[Raw data Boundary: Start]
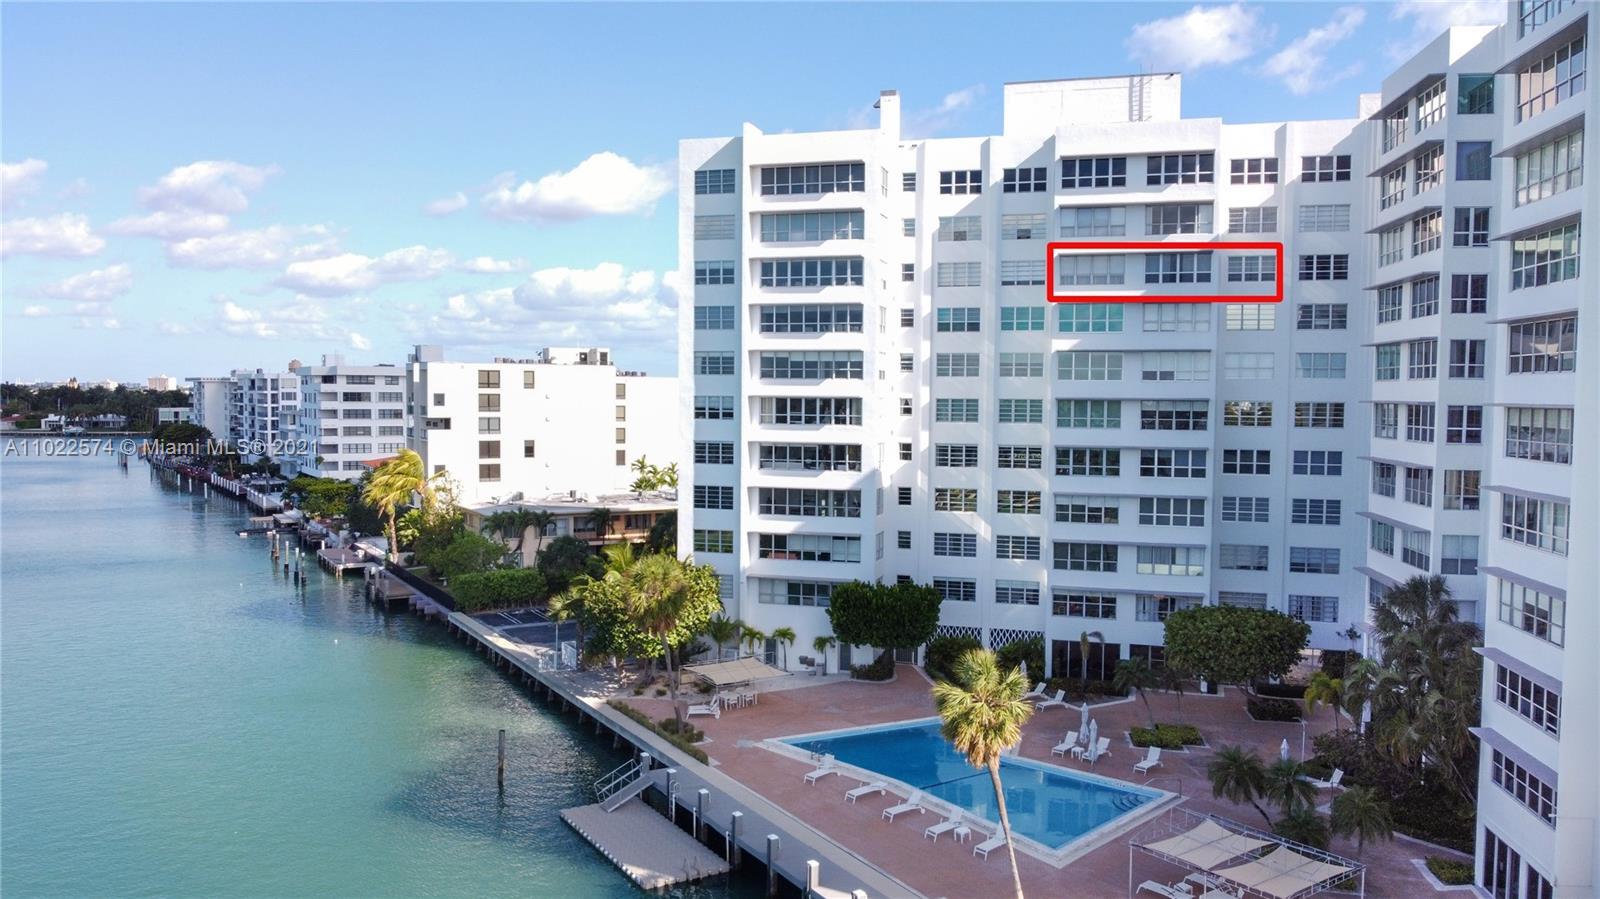 Blair House #9BW - 9102 W Bay Harbor Dr #9BW, Bay Harbor Islands, FL 33154
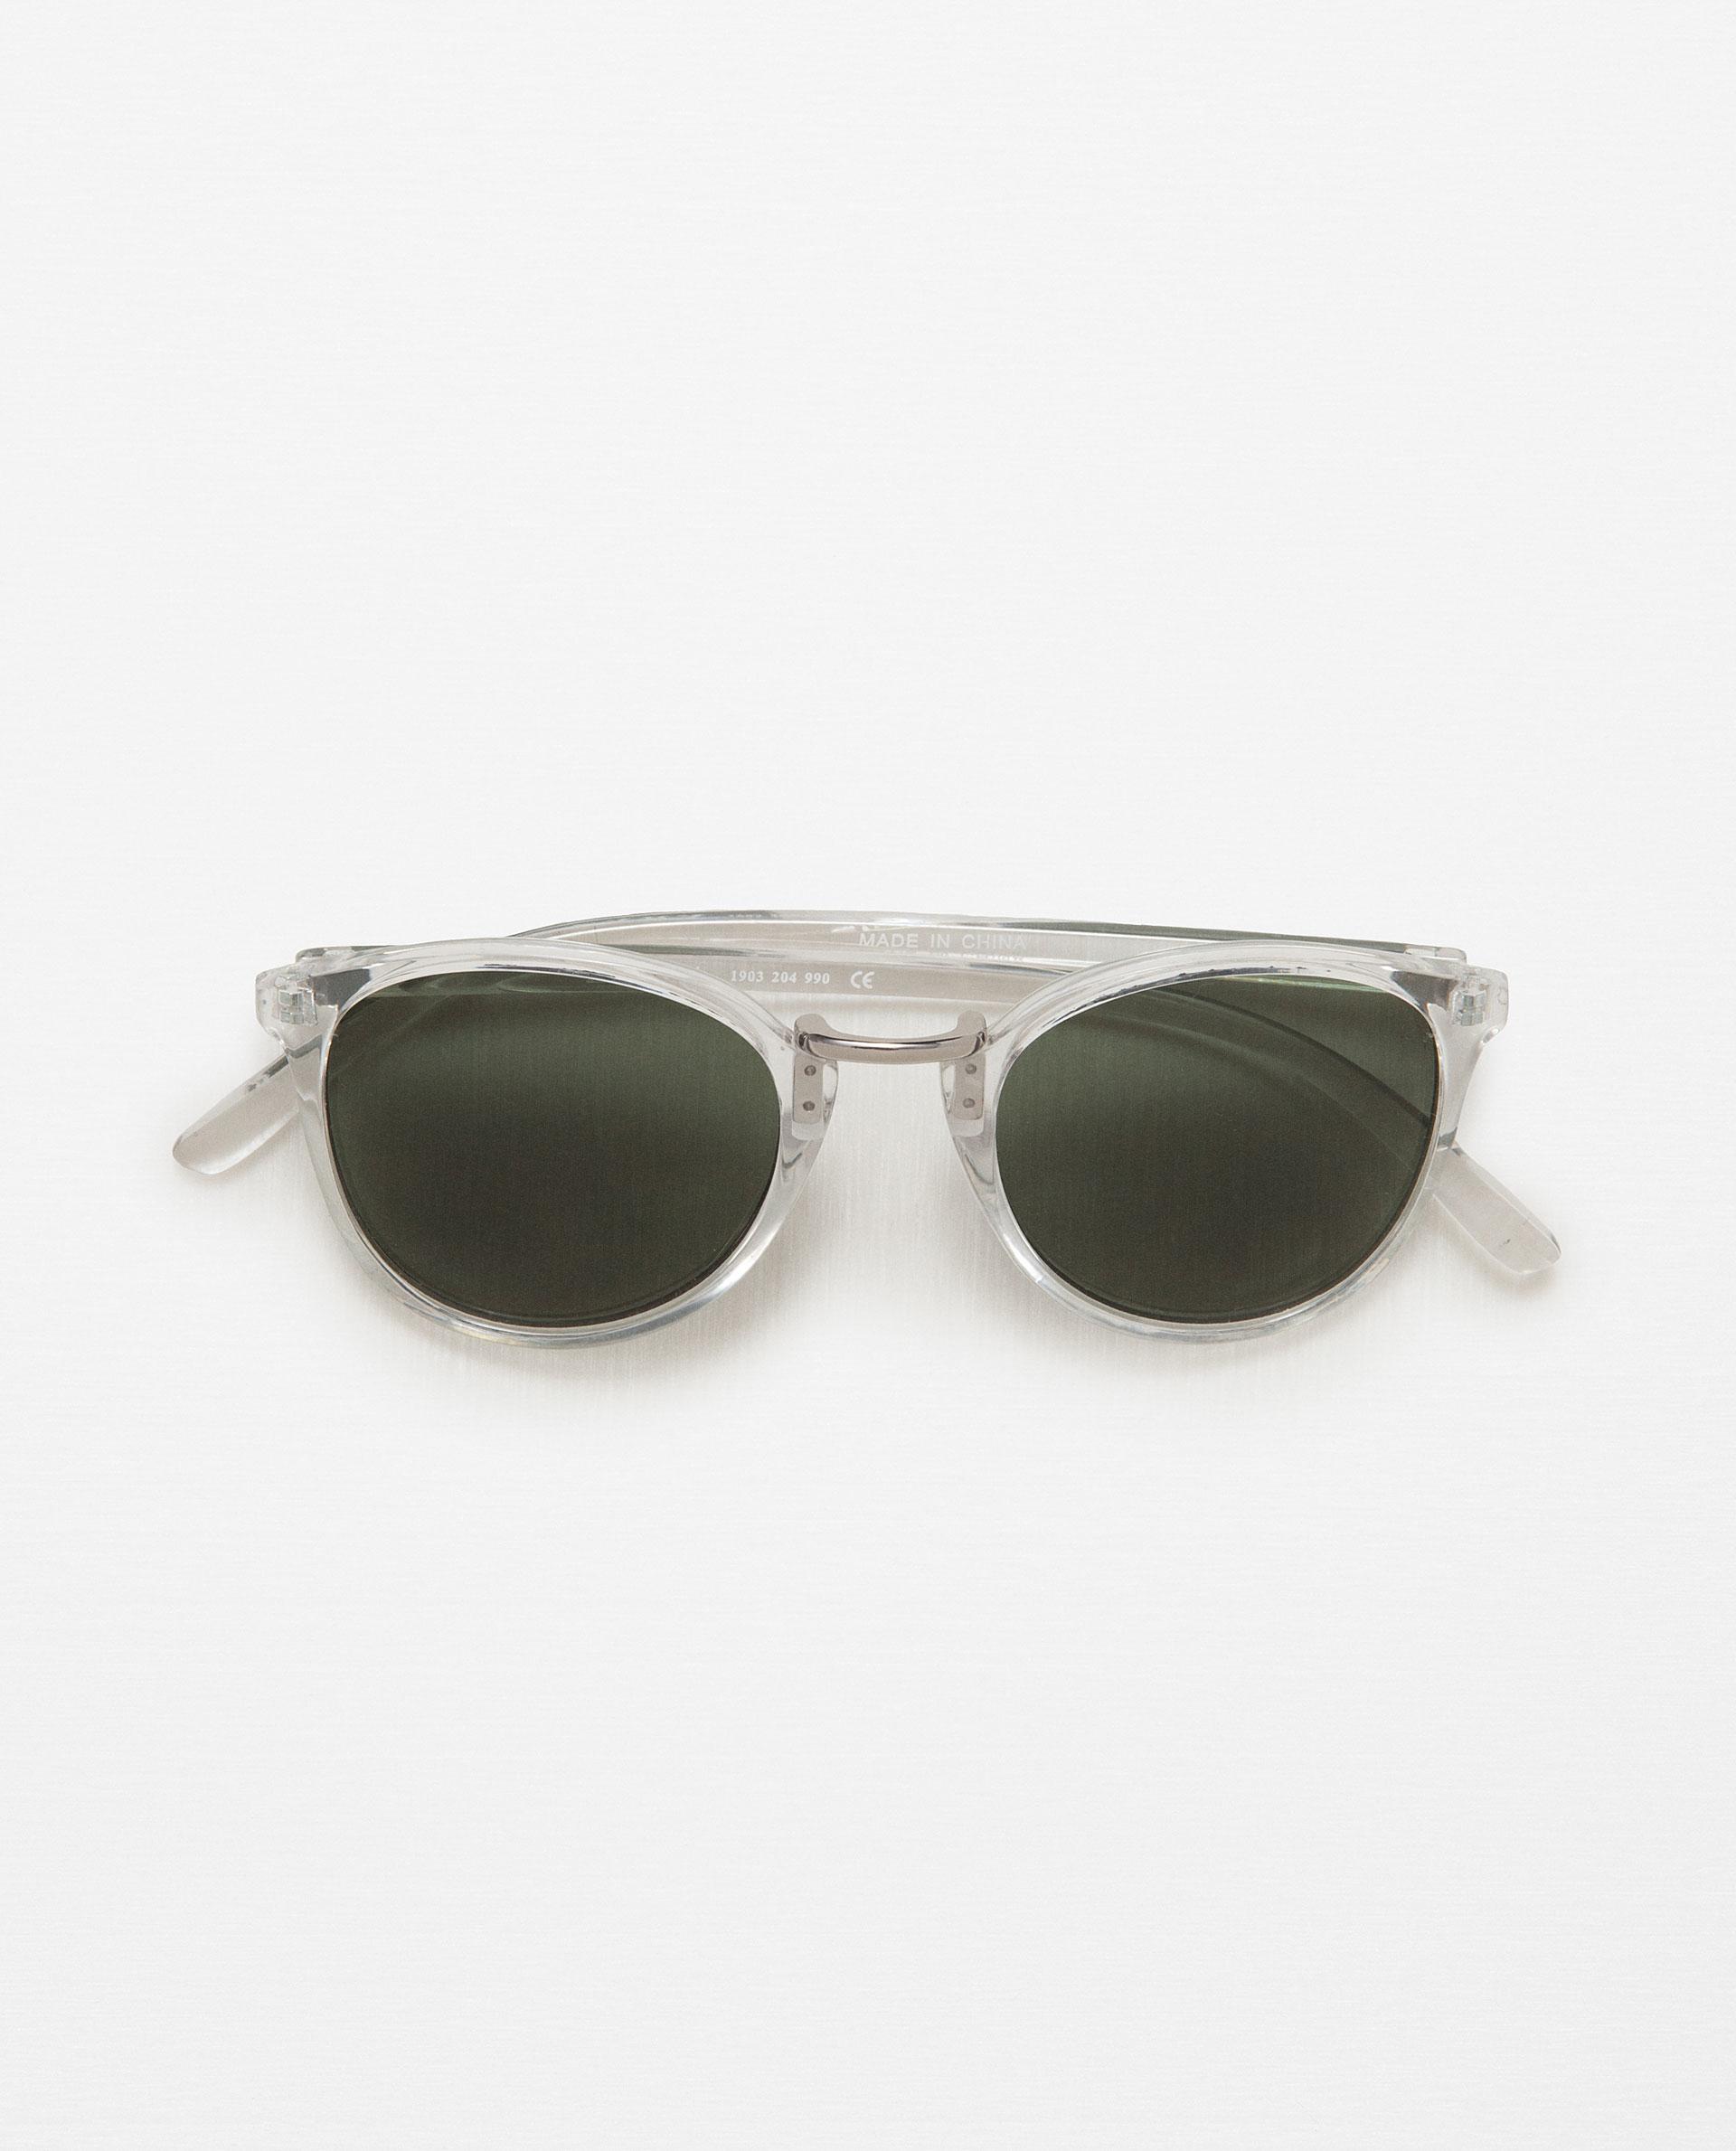 Zara Glasses Frames : Zara Glasses With Transparent Frame Lyst
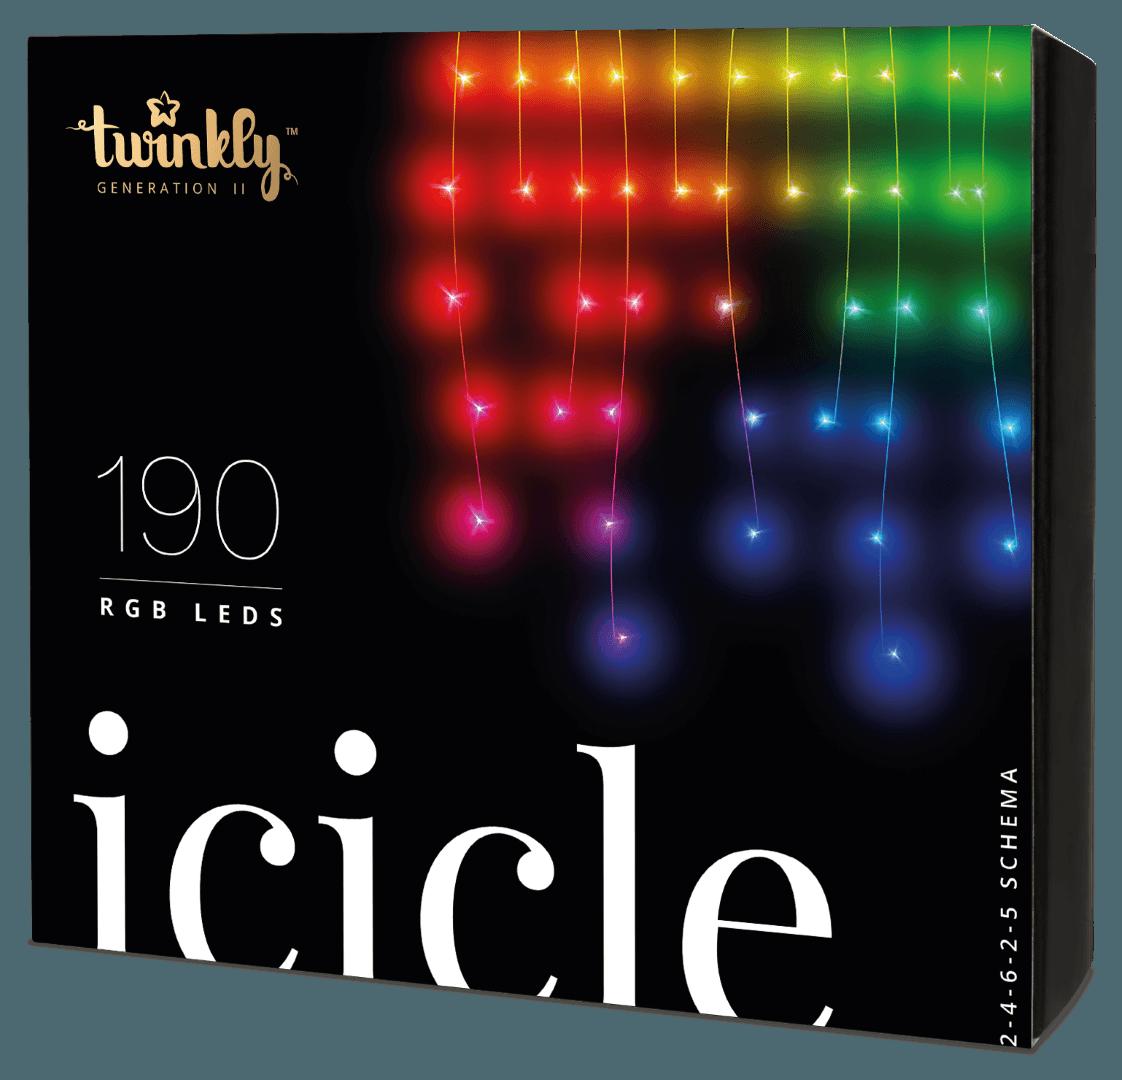 Twinkly 190 RGB LEDs Icicle Lights - Generation II
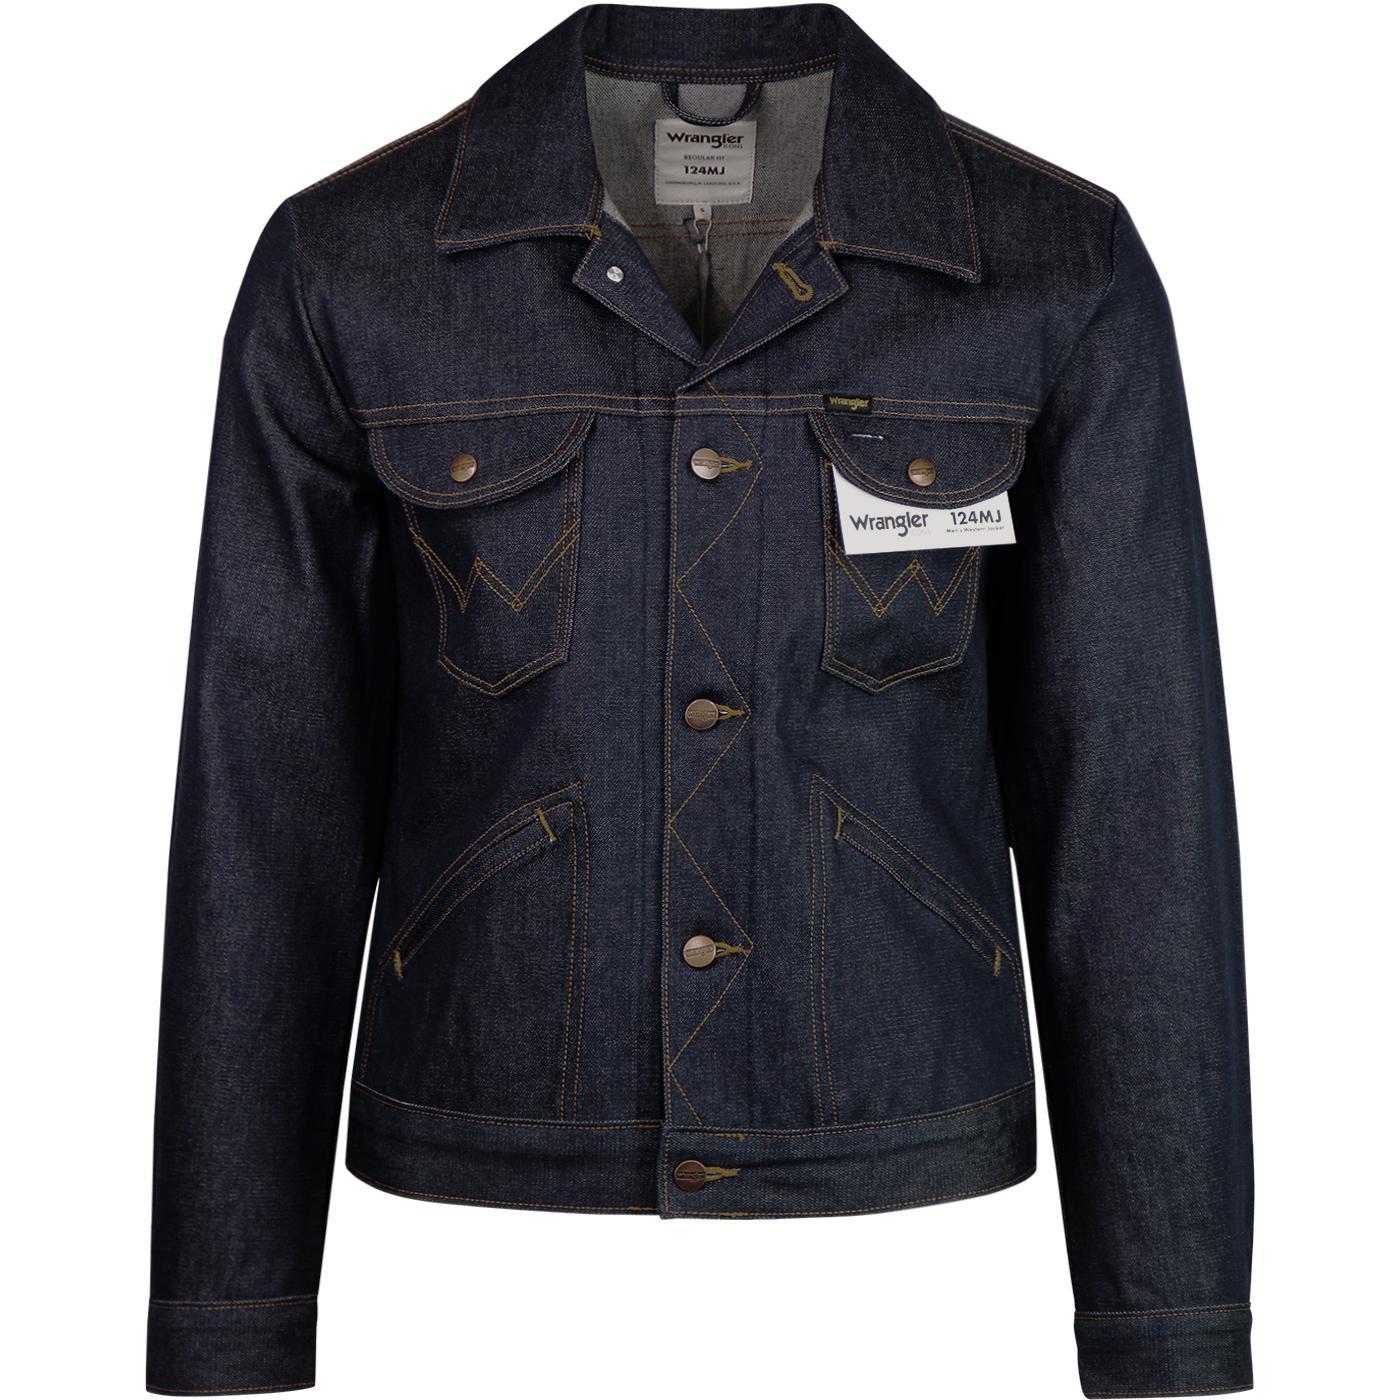 124MJ WRANGLER 60s Mod Men's Denim Western Jacket
[Raw data Boundary: End]
What you should do: Reprint the data verbatim, pictures excluded.

Answer section:
 Blair House #9BW - 9102 W Bay Harbor Dr #9BW, Bay Harbor Islands, FL 33154
 Zara Glasses Frames : Zara Glasses With Transparent Frame Lyst
 Twinkly 190 RGB LEDs Icicle Lights - Generation II
 124MJ WRANGLER 60s Mod Men's Denim Western Jacket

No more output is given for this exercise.